Records excerpted from a collection
::::

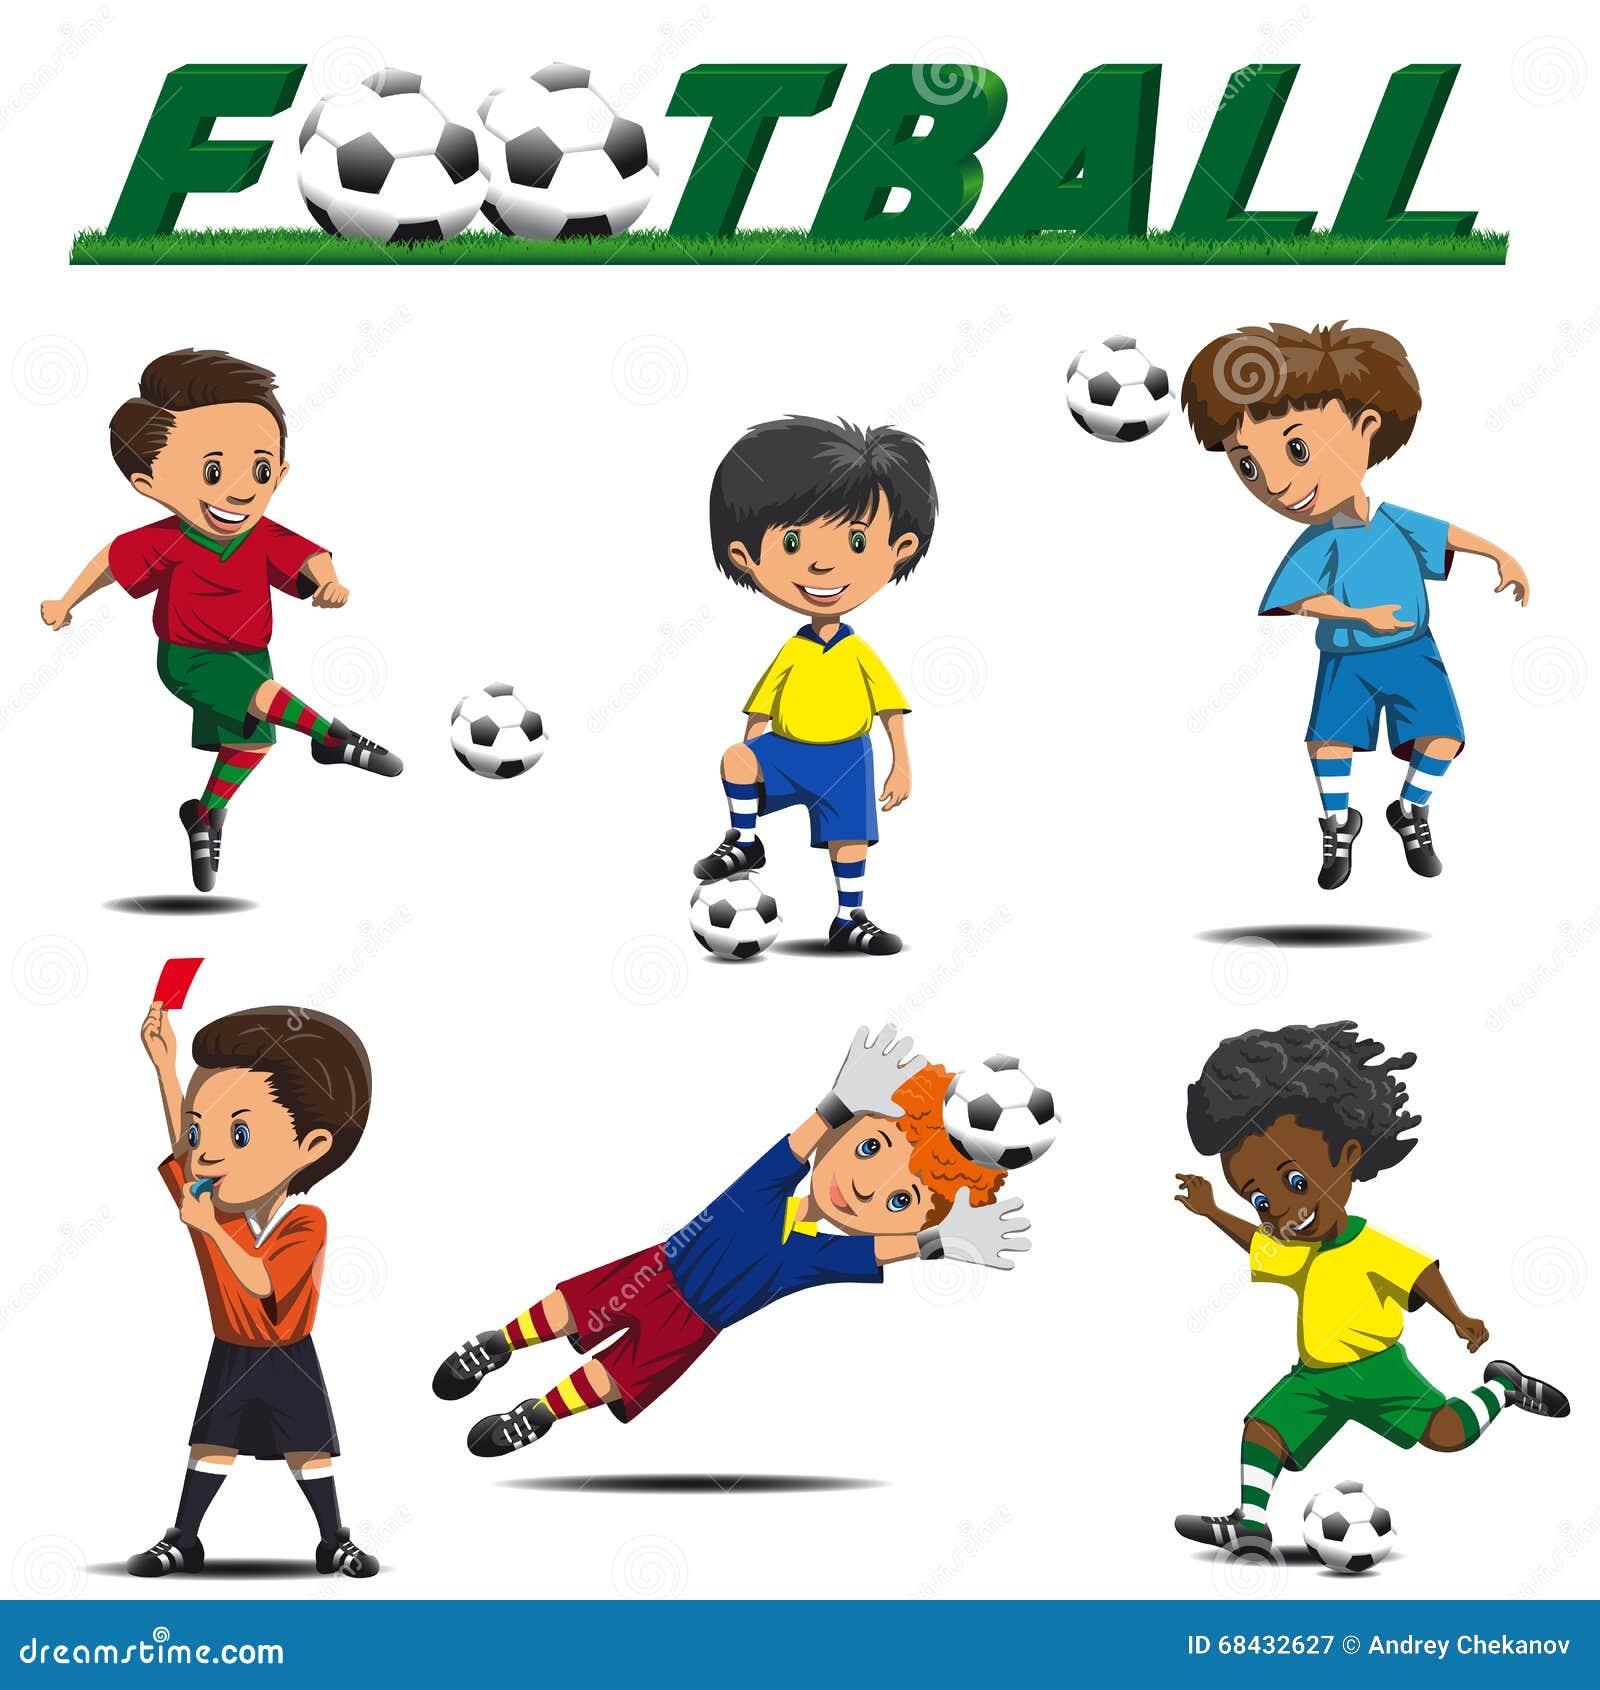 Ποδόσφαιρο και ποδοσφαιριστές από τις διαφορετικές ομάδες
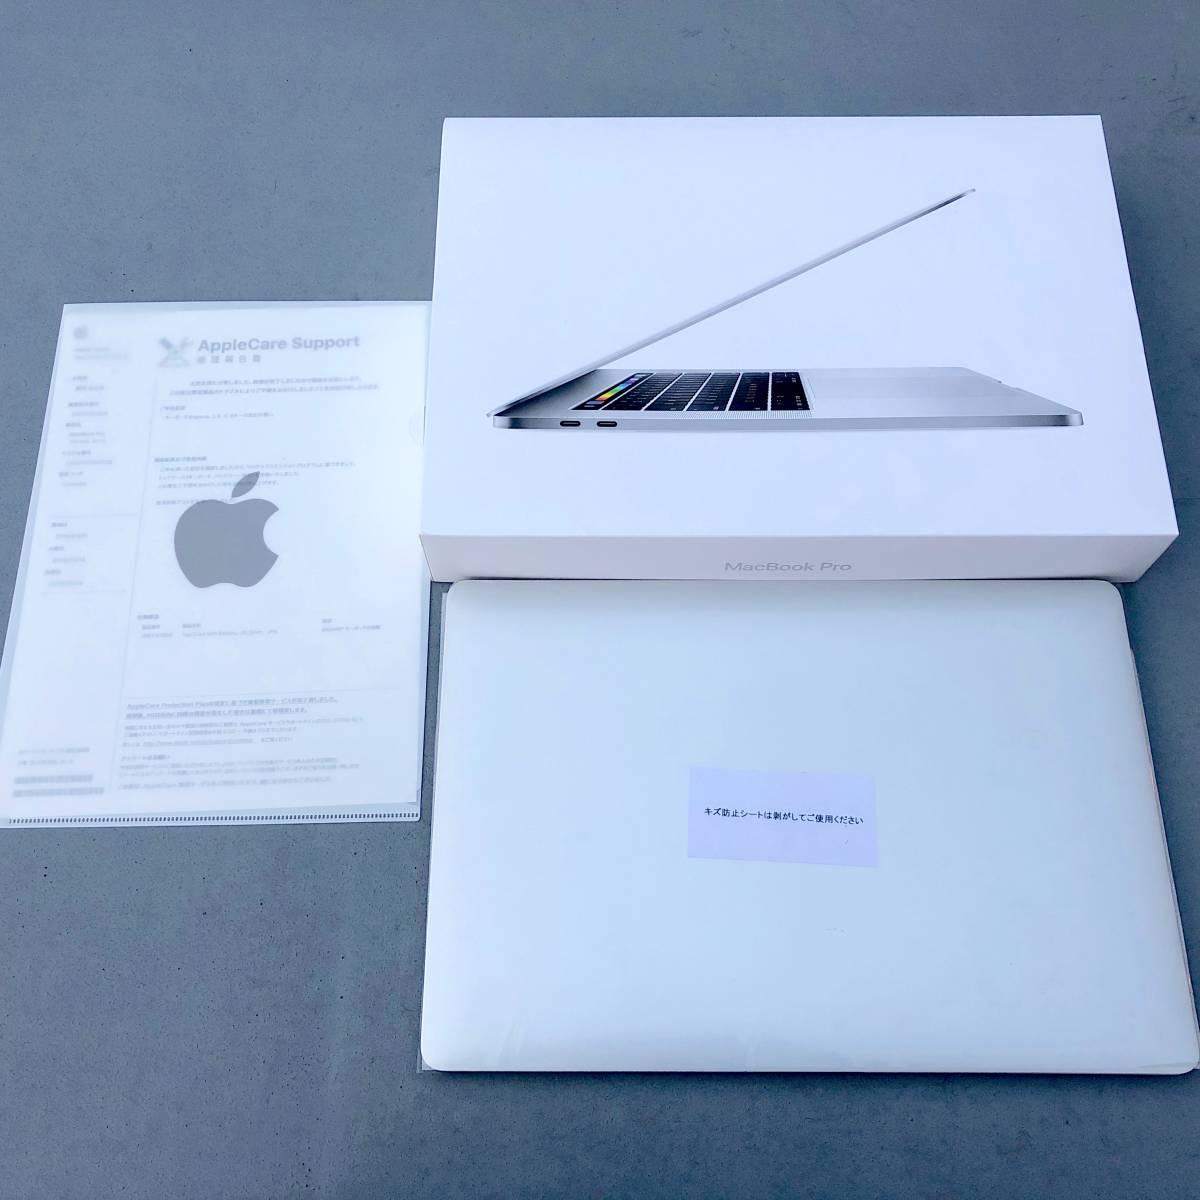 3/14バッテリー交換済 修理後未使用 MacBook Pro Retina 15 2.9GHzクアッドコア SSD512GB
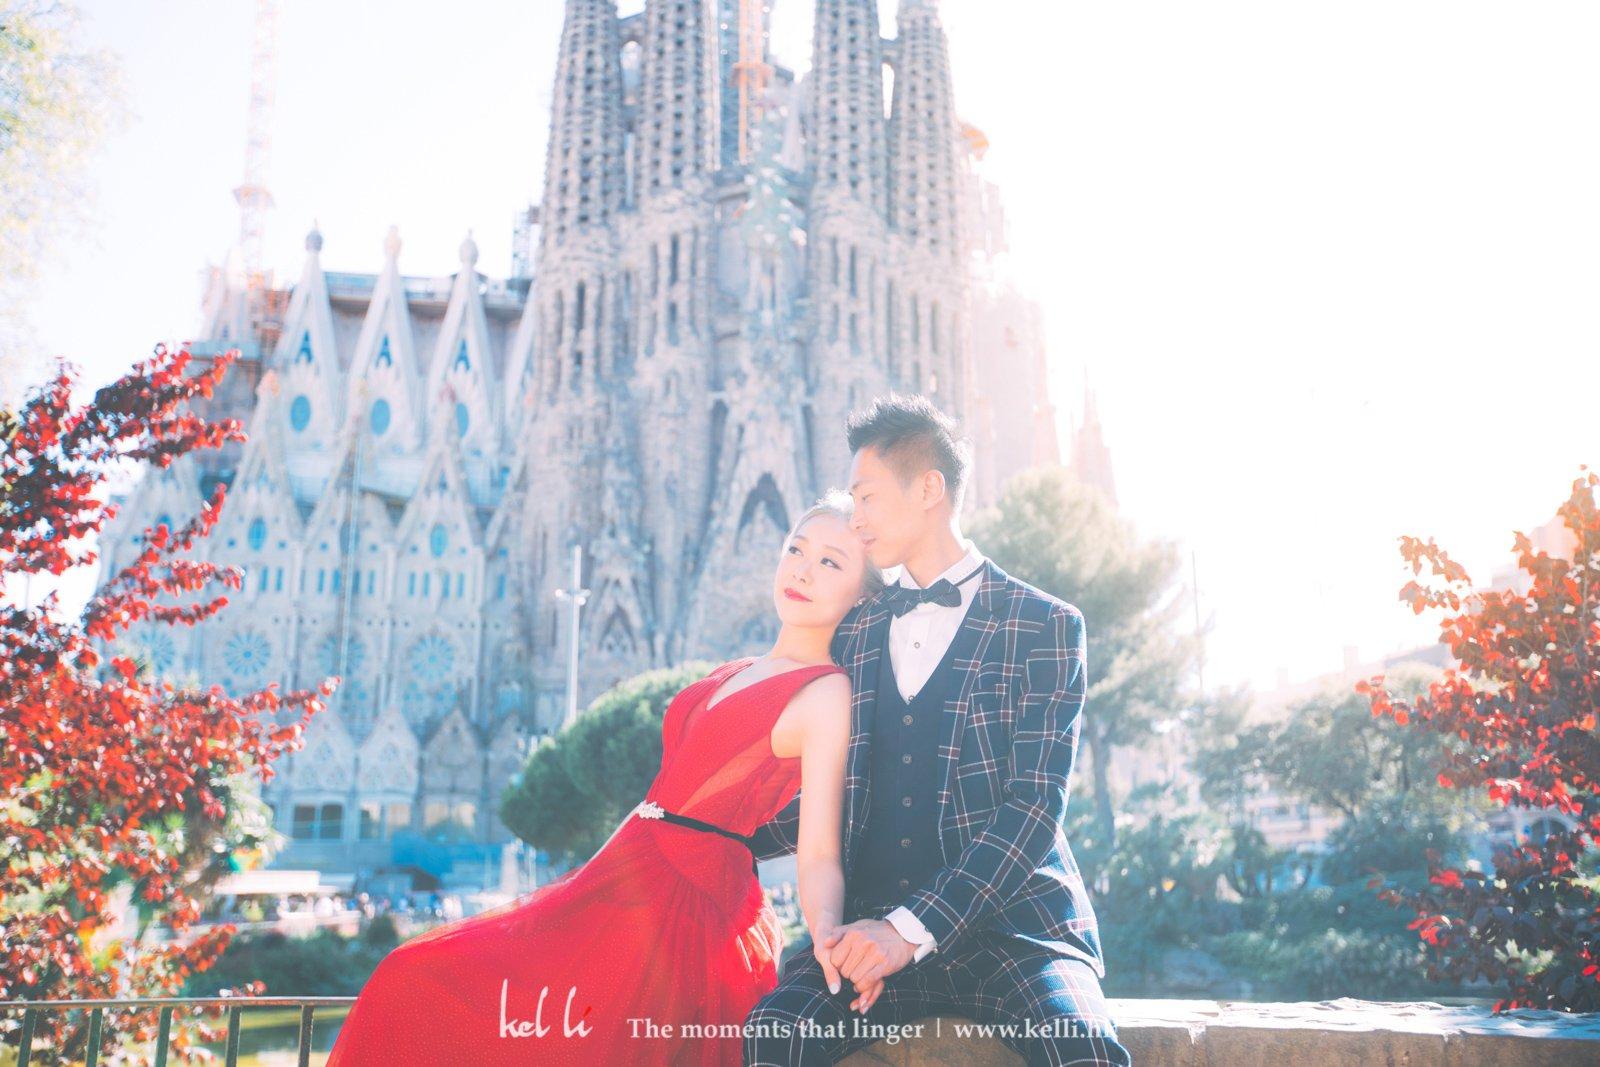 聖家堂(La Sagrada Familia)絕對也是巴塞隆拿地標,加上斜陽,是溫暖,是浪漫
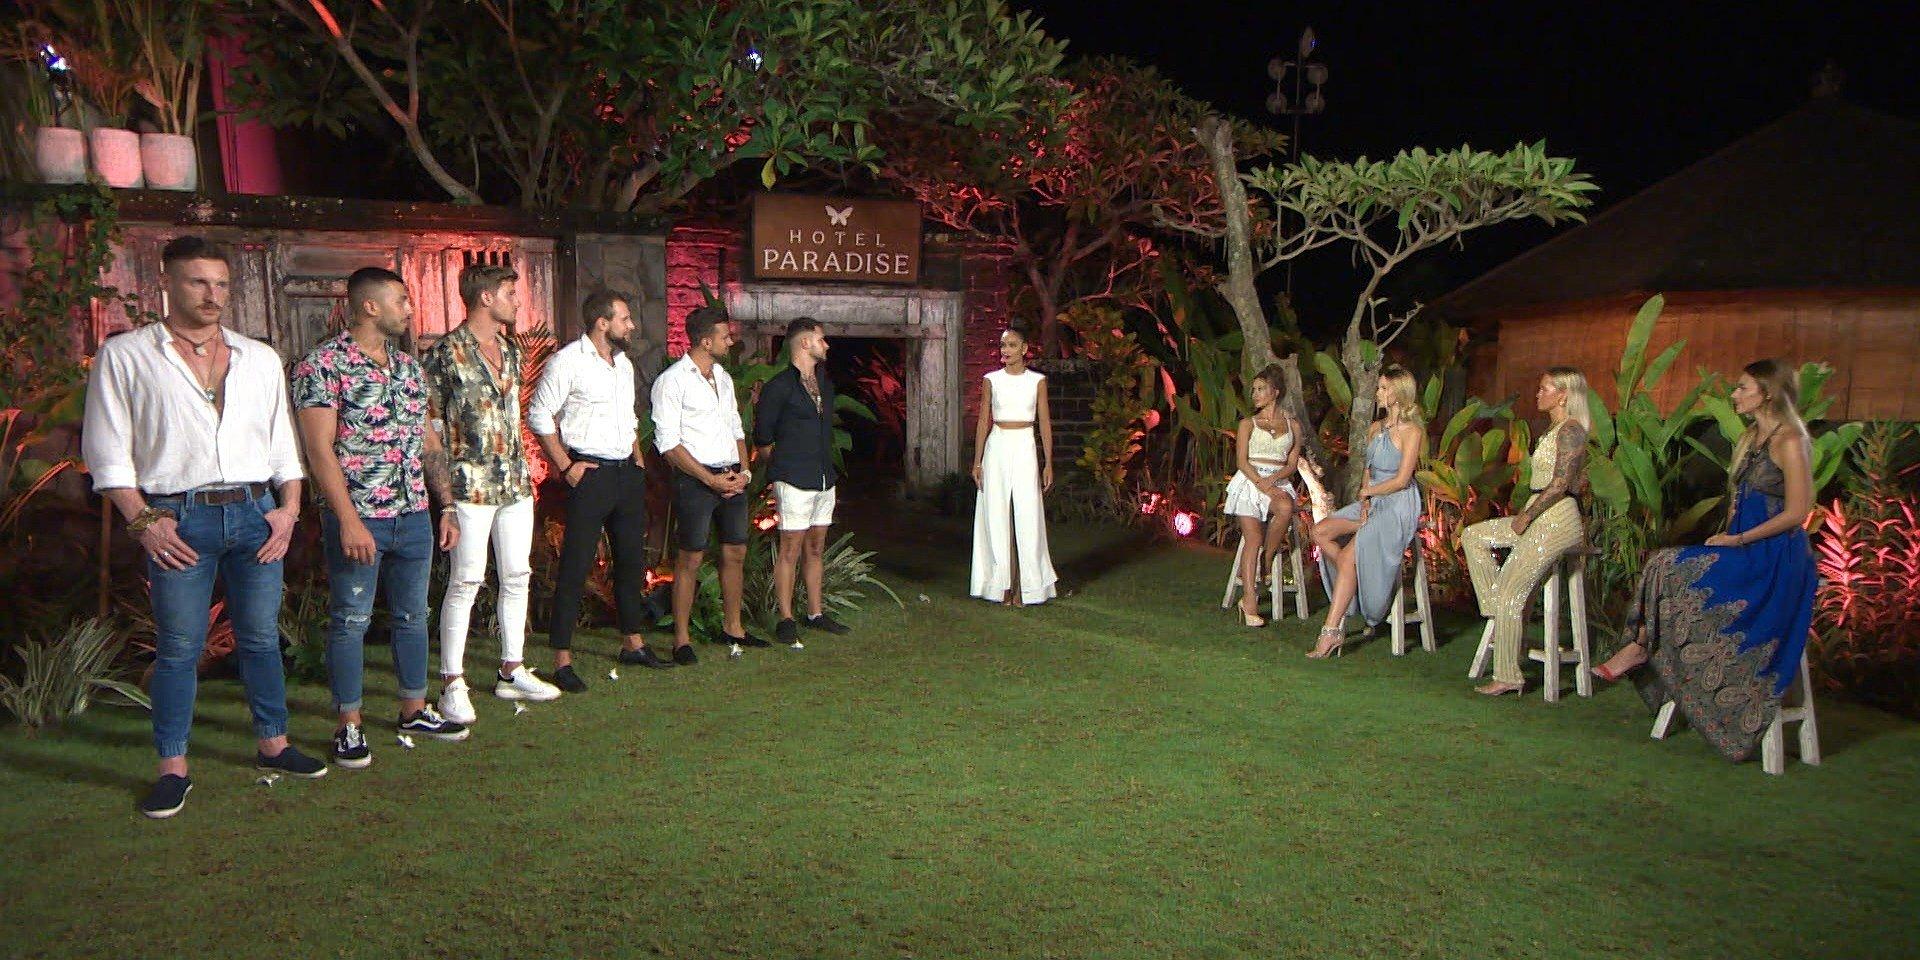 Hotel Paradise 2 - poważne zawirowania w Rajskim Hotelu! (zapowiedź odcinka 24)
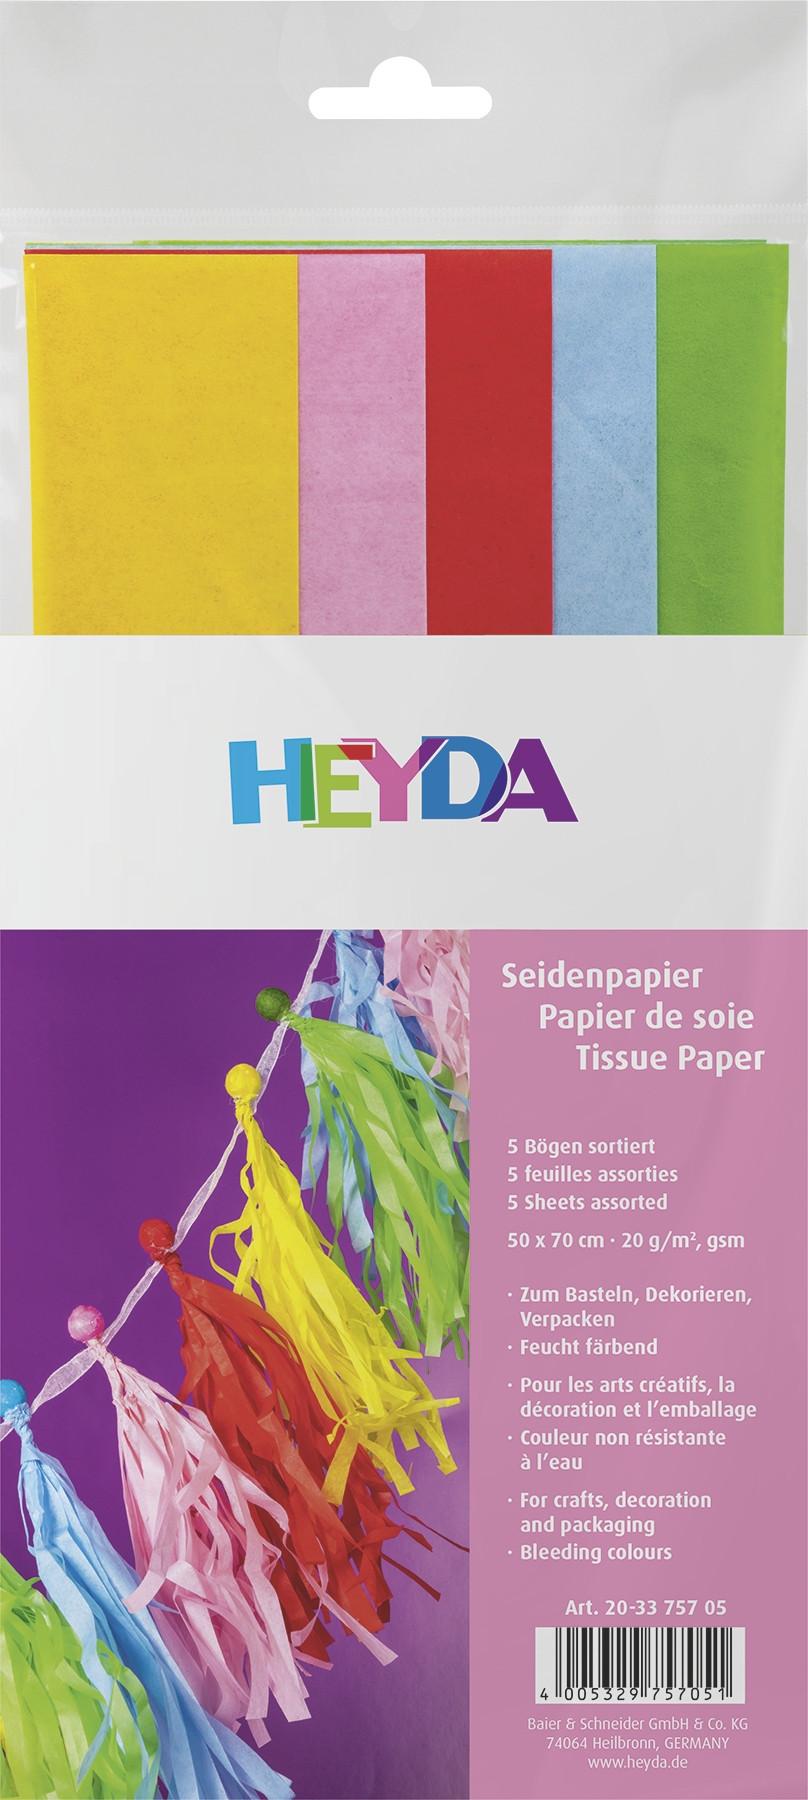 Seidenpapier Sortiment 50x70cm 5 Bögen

::::

▶ **Problem requirements**: Exactly the lines from the one that contains "聖家堂(La Sagrada Familia)絕對也是巴塞隆拿地標,加上斜陽,是溫暖,是浪漫" through the final line of the records above are needed, given again word for word, with every picture left out.

▶ **Written response**:
 聖家堂(La Sagrada Familia)絕對也是巴塞隆拿地標,加上斜陽,是溫暖,是浪漫
 Hotel Paradise 2 - poważne zawirowania w Rajskim Hotelu! (zapowiedź odcinka 24)
 Seidenpapier Sortiment 50x70cm 5 Bögen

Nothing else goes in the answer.